Do the following only if you are sure that no-one else gets to see or print or use your individual input files: Do not embed the fonts at all -- only embed when merging with Ghostscript the final result PDF from your inputs.
I don't know if and how you can control to have no font embedding when using wkhtmltopdf.
If you generate your input PDFs from Libre/OpenOffice, you're out of luck and you'll have no control over it.
If you use Acrobat to generate your input PDFs, you can tweak font embedding details in the Distiller settings.
If Ghostscript generates your input PDFs the commandline parameters to prevent font embedding are:
gs -o output.pdf -sDEVICE=pdfwrite -dEmbedAllFonts=false -c "<</AlwaysEmbed [ ]>>setpagedevice" input.file
Some type of fonts cannot be embedded fully, but only subsetted (Type3, CIDFontType1). See this answer to question "Why doesnt Acrobat Distiller embed all fonts fully?" for more details.
Do not use Ghostscript, but rather use pdftk for merging PDFs. pdftk is a more 'dumb' utility than Ghostscript (at least older versions of pdftk are) when it comes to merging PDFs, and this dumbness can be an advantage...
Update
To answer once more, but this time more explicitly (following the extra question of #sacohe in the comments below. In many (not all) cases the following procedure will work:
Re-'distill' the input PDF files with the help of Ghostscript (preferably the most recent version from the 9.0x series).
The command to use is this (or similar):
gs -o redistilled-out.pdf -sDEVICE=pdfwrite input.pdf
The resulting output PDF should then be using different (unique) prefixes to the font names, even when the input PDF used the same name prefix for different font (subsets).
This procedure worked for me when I processed a sample of original input files provided to me by 'Mr R', the author of the original question. After that fix, the "skipped character problem" was gone in the final result (a merged PDF created from the fixed input files).
I wanted to give some feedback that unfortunately the re-processing trick doesn't seem to work with ghostscript 8.70 (in redhat/centos releases) and files exported as pdf from word 2010 (which seems to use ABCDEE+ prefix for everything). and i haven't been able to find any pre-built versions of ghostscript 9 for my platform.
you mention that older versions of pdftk might work. we moved away from pdftk (newer versions) to gs, because some pdf files would cause pdftk to coredump. #Kurt, do you think that trying to find an older version of pdftk might help? if so, what version do you recommend?
another ugly method that halfway works is to use:
-sDEVICE=pdfwrite -dCompatibilityLevel=1.2 -dHaveTrueType=false
which converts the fonts to bitmap, but it then causes the characters on the page to be a bit light (not a big deal), trying to select text is off by about one line height (mildly annoying), and worst is that even though the characters display ok, copy/paste gives random garbage in the text.
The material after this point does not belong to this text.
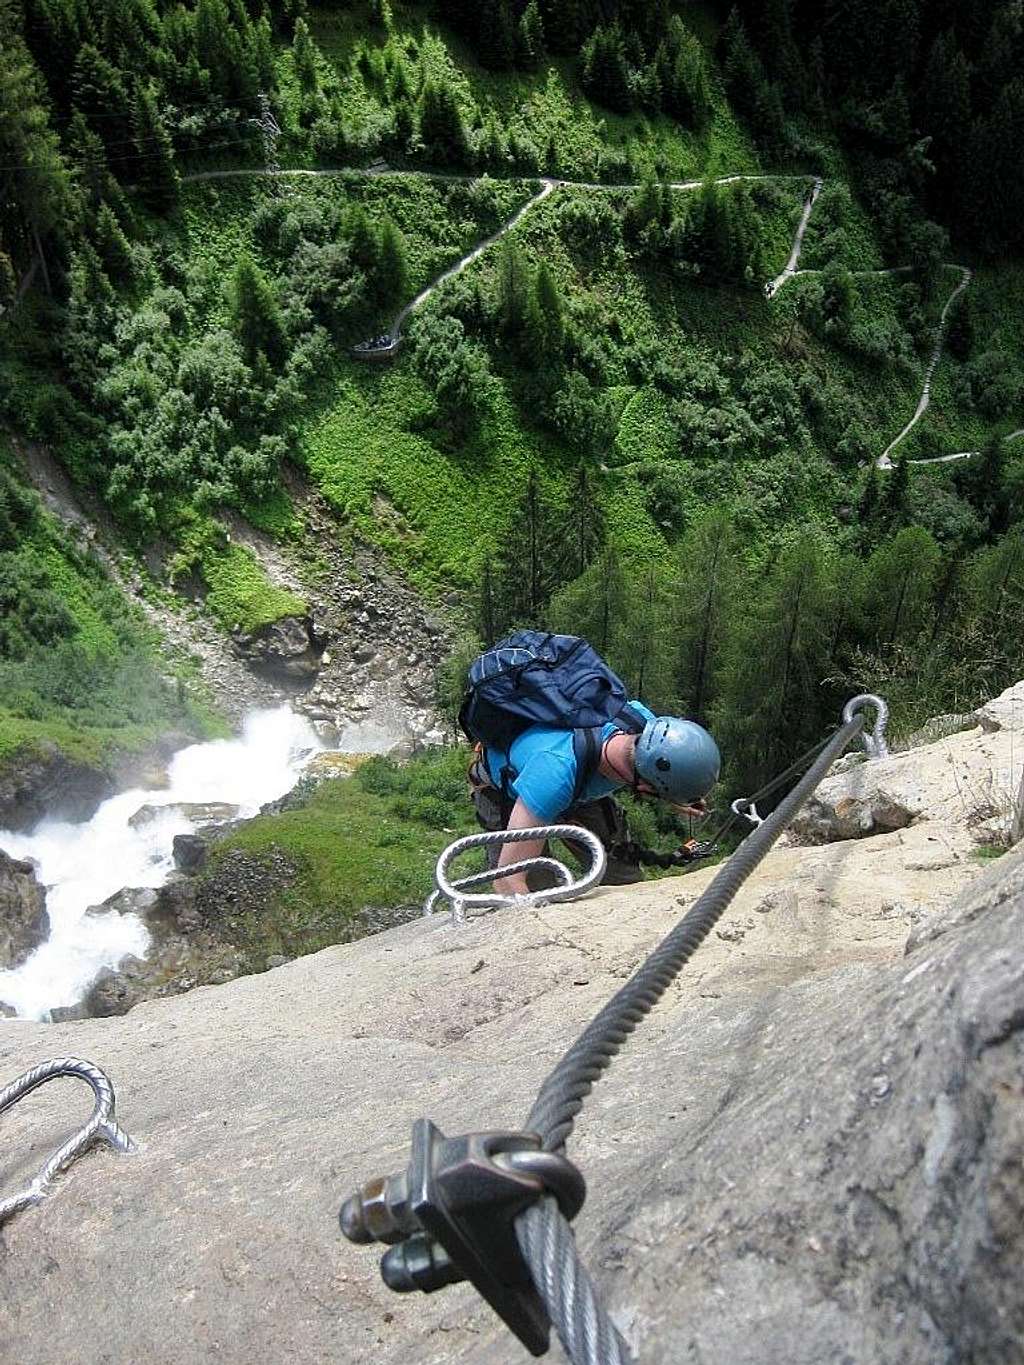 A climber coming up the Stuibenfall Via Ferrata, with the hiking trail deep down below.

(I was hoping this would be a comment, but I guess I can't do that, is answer closed?)
From what I can tell, this issue is fixed in Ghostscript version 9.21. We were having a similar issue where merged PDFs were missing characters, and while #Kurt Pfeifle suggestion of re-distilling those PDFs did work, it seems a little infeasible/silly to us. Some of our merged PDFs consisted of up to 600 or more individual PDFs, and re-distilling every single one of those to merge them just seemed nuts
Our production version of Ghostscript was 9.10 which was causing this problem. But when I did some tests on 9.21 the problem seemed to vanish. I have been unable to produce a document with missing or mangled characters using GS 9.21 so I think that's the real solution here.